:: Data segment ::

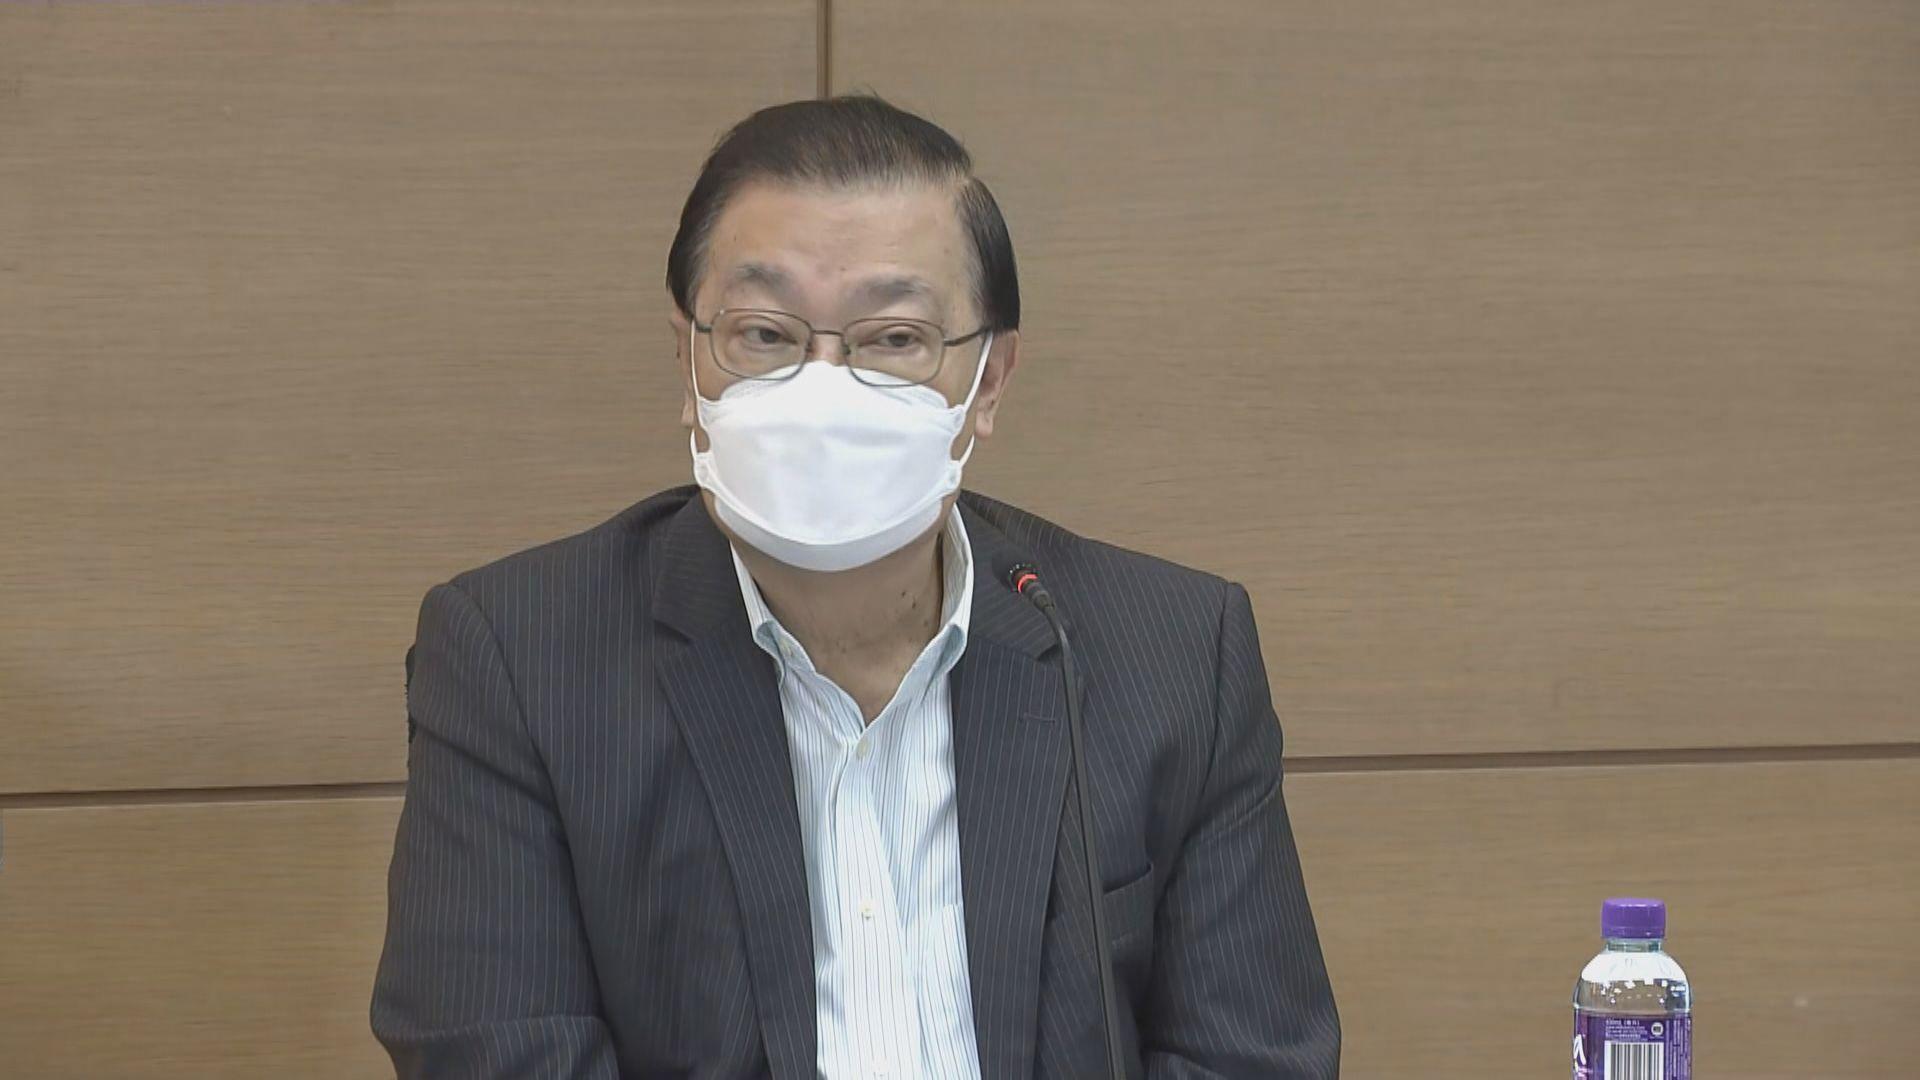 譚耀宗指資格審查委員會成員不應參加選舉
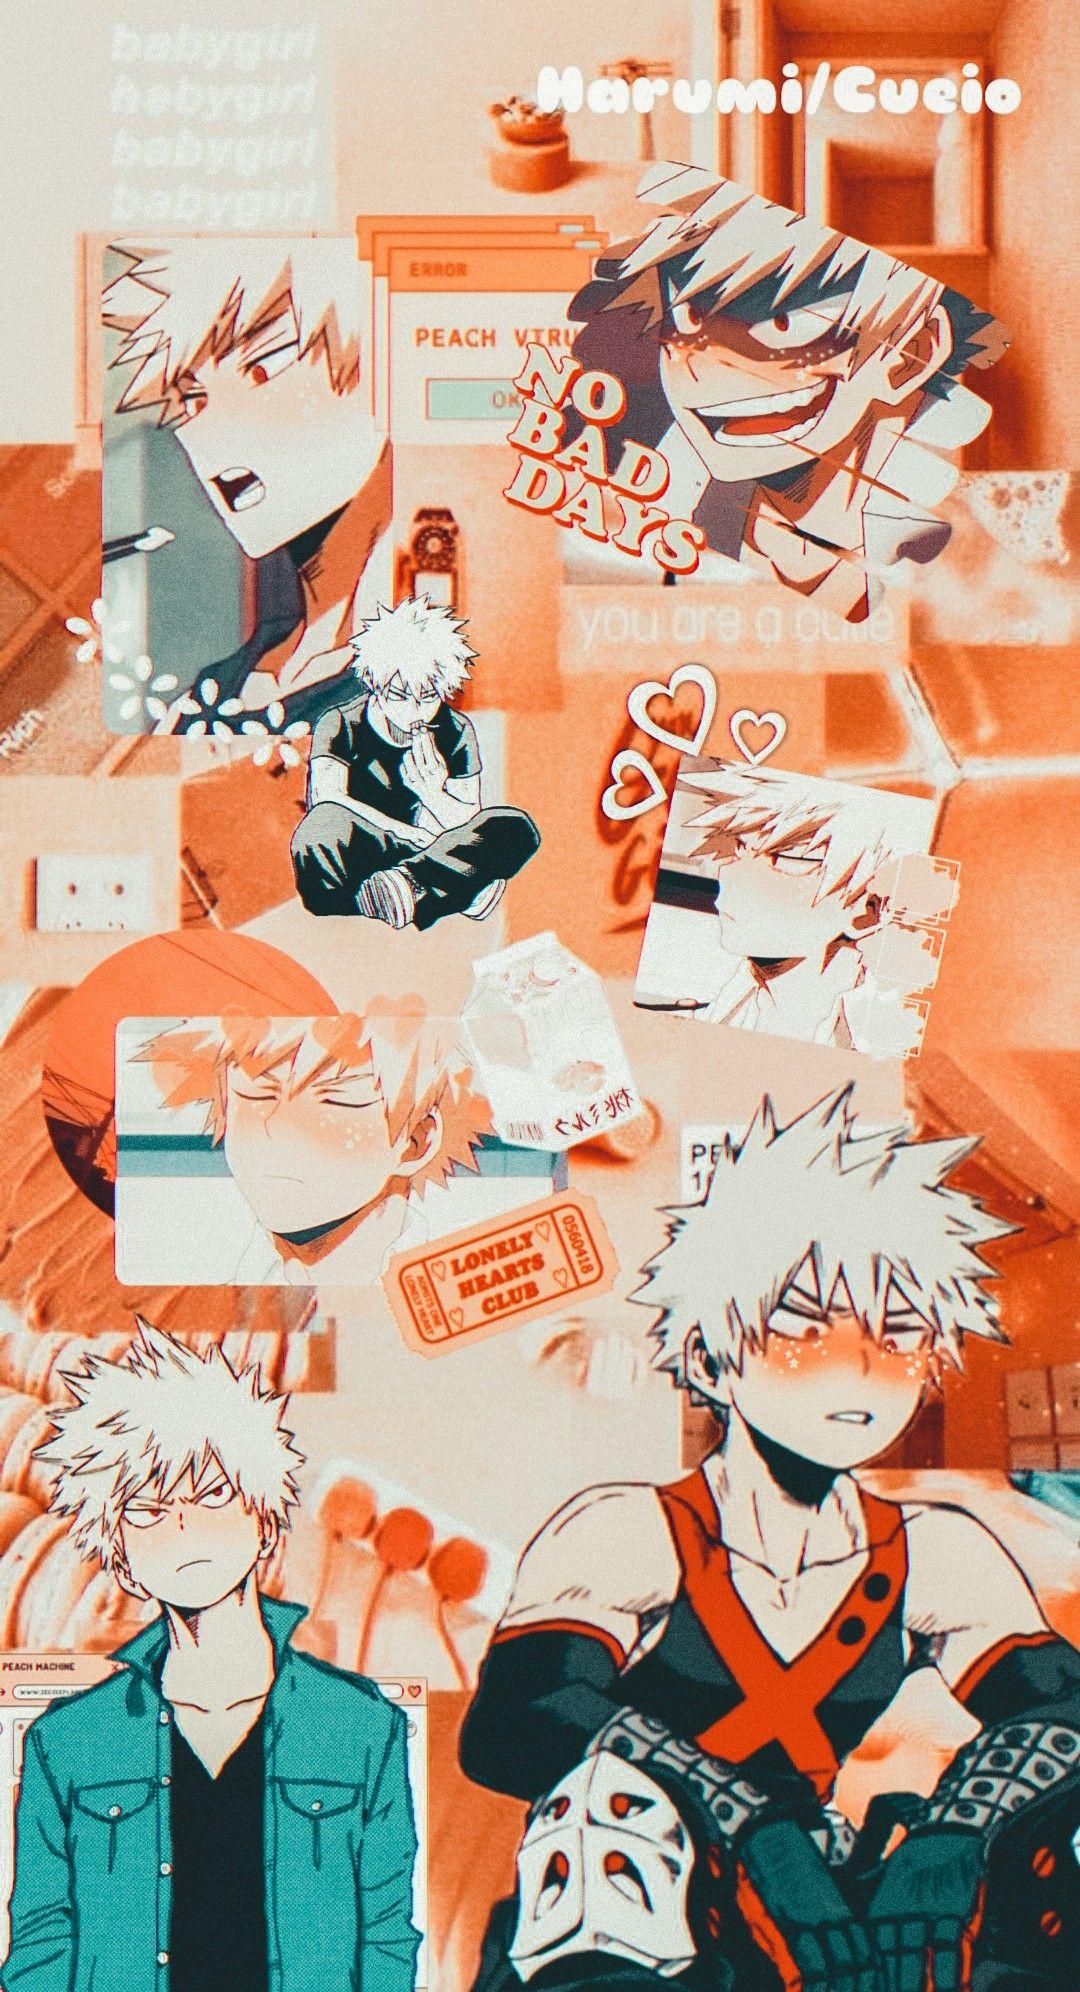 Bakugou Katsuki Wallpaper [Boku No Hero] Aesthetic
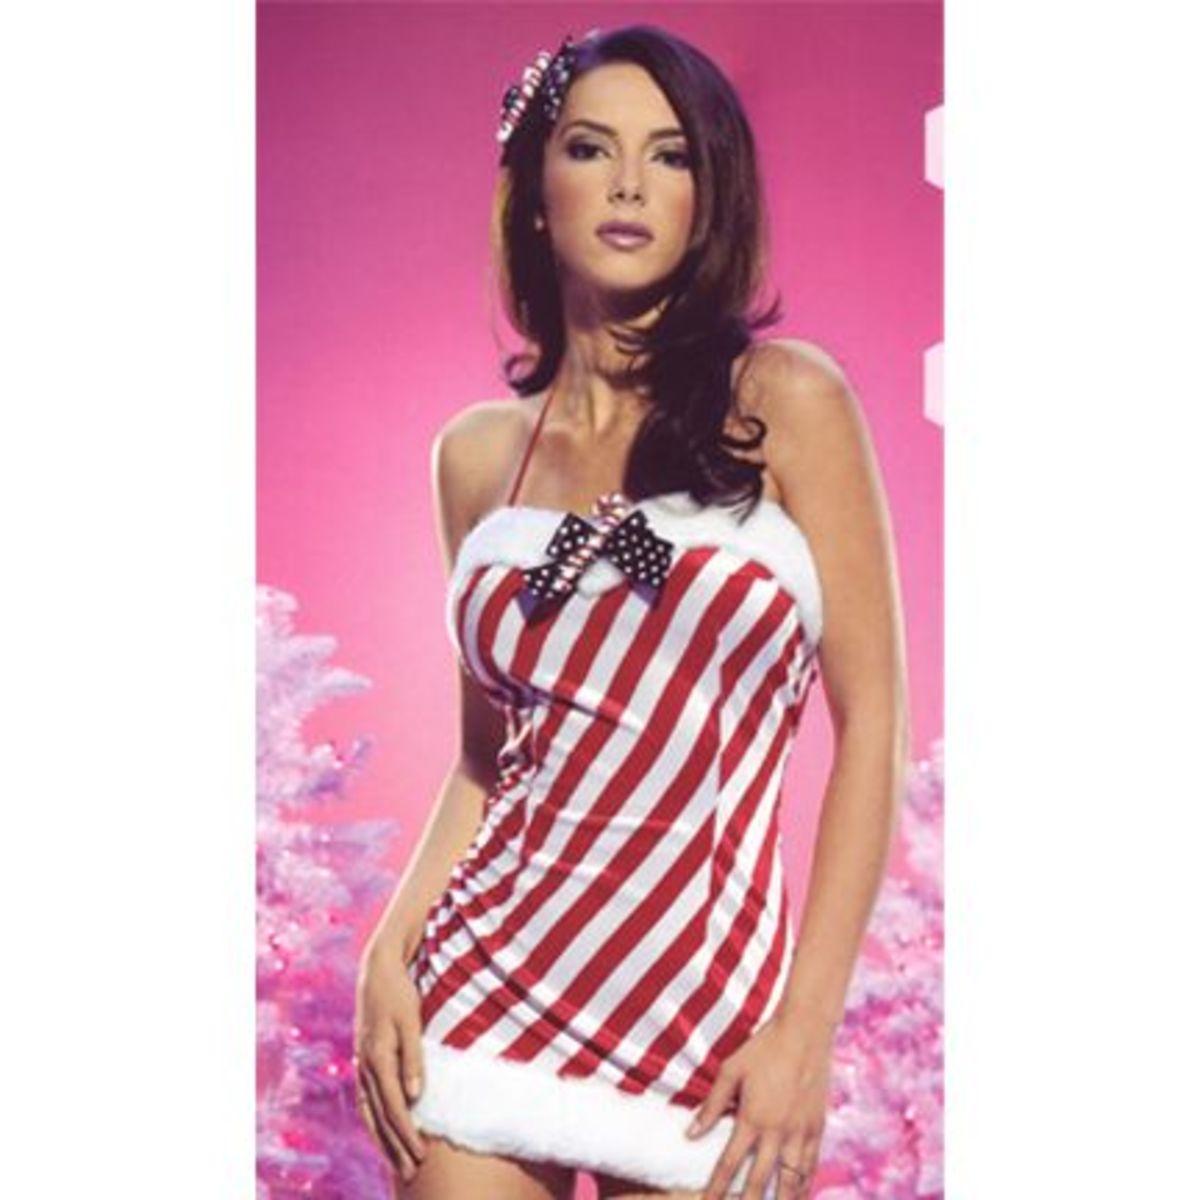 Candy Cane Clothing

:::

§ **Task instructions**
In the listing above, retype exactly, and only, the lines from the one containing "Bakugou Katsuki Wallpaper" through the last line, both included. Omit the pictures.

§ **Output of the exercise**
 Bakugou Katsuki Wallpaper [Boku No Hero] Aesthetic
 Candy Cane Clothing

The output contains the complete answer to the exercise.